Data Exploration Using Pig and Hive
Some of the questions that we asked from our dataset:
Q1. Number of Males and Females who got loans approved.
Q2. Maximum Loan amount term for approved loans.
Q3. Max loan amount for which property type?
Q4. Minimum applicant income and/or co-applicant income at which the any loan was approved at all?
Q5. Ratio between minimum loan amount and associated income
Q6. Ratio between maximum loan amount and associated income
Logistic regression is intended for binary (two-class) classification problems. It will predict the probability of an instance belonging to the default class, which can be snapped into a 0 or 1 classification.
Decision tree builds regression or classification models in the form of a tree structure. It breaks down a dataset into smaller and smaller subsets while at the same time an associated decision tree is incrementally developed.
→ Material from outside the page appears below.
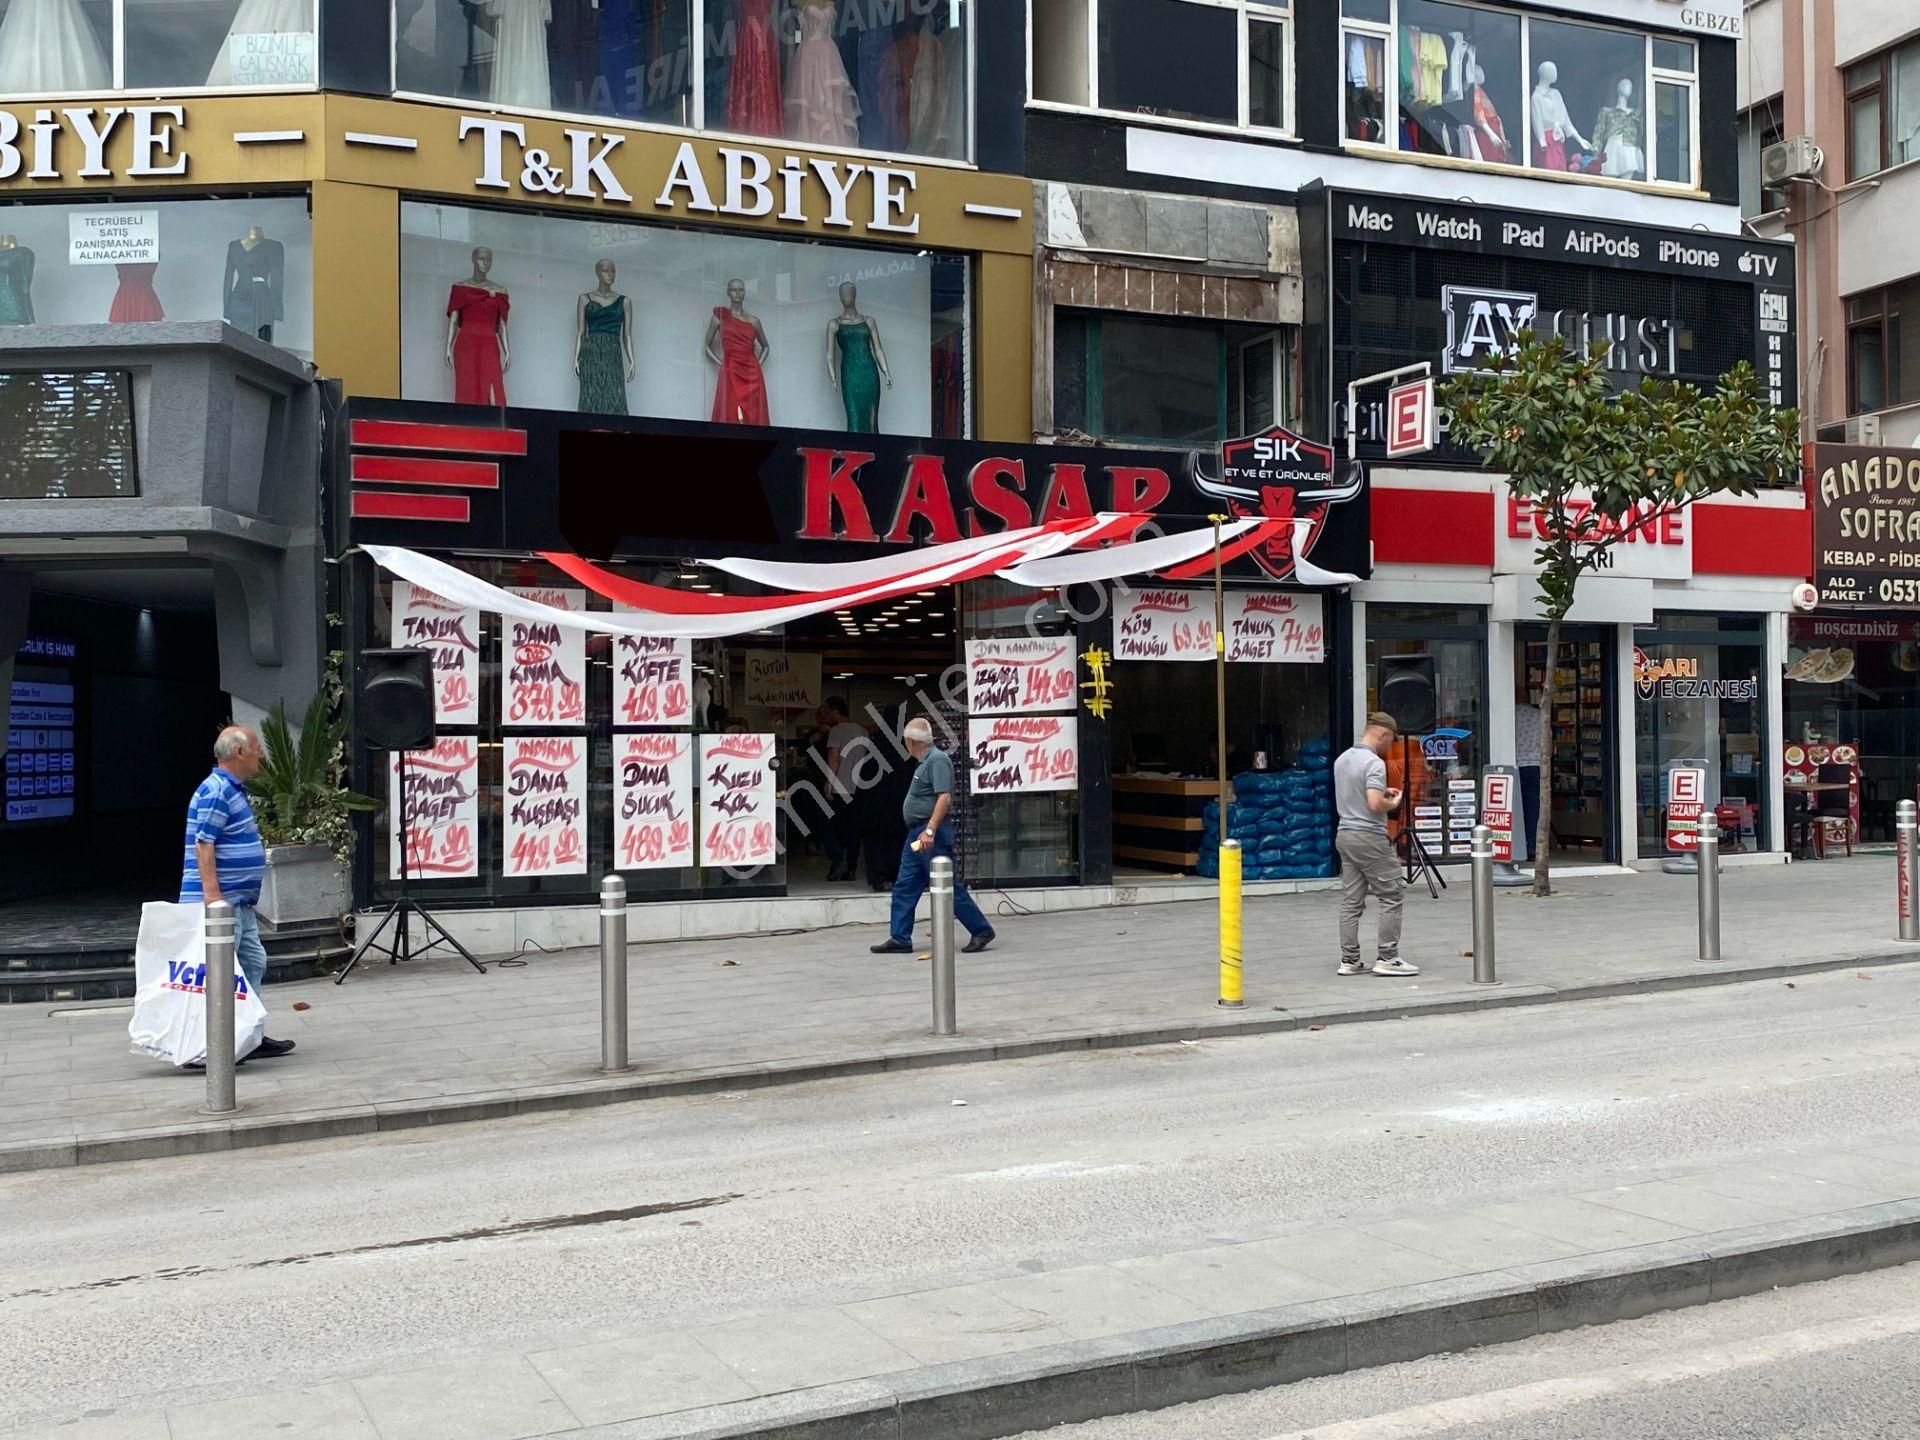 Gebze Hacıhalil Satılık Dükkan & Mağaza  Gebze'nin Tam Merkezinde Satılık Dükkan

The final result is a tree with decision nodes and leaf nodes.
Random forest Classifier : Random forests or random decision forests are an ensemble learning method for classification, regression and other tasks, that operate by constructing a multitude of decision trees at training time and outputting the class that is the mode of the classes (classification) or mean prediction (regression) of the individual trees.
Gradient Boosting Classifier:Gradient boosting is a machine learning technique for regression and classification problems, which produces a prediction model in the form of an ensemble of weak prediction models, typically decision trees. It builds the model in a stage-wise fashion like other boosting methods do, and it generalizes them by allowing optimization of an arbitrary differentiable loss function.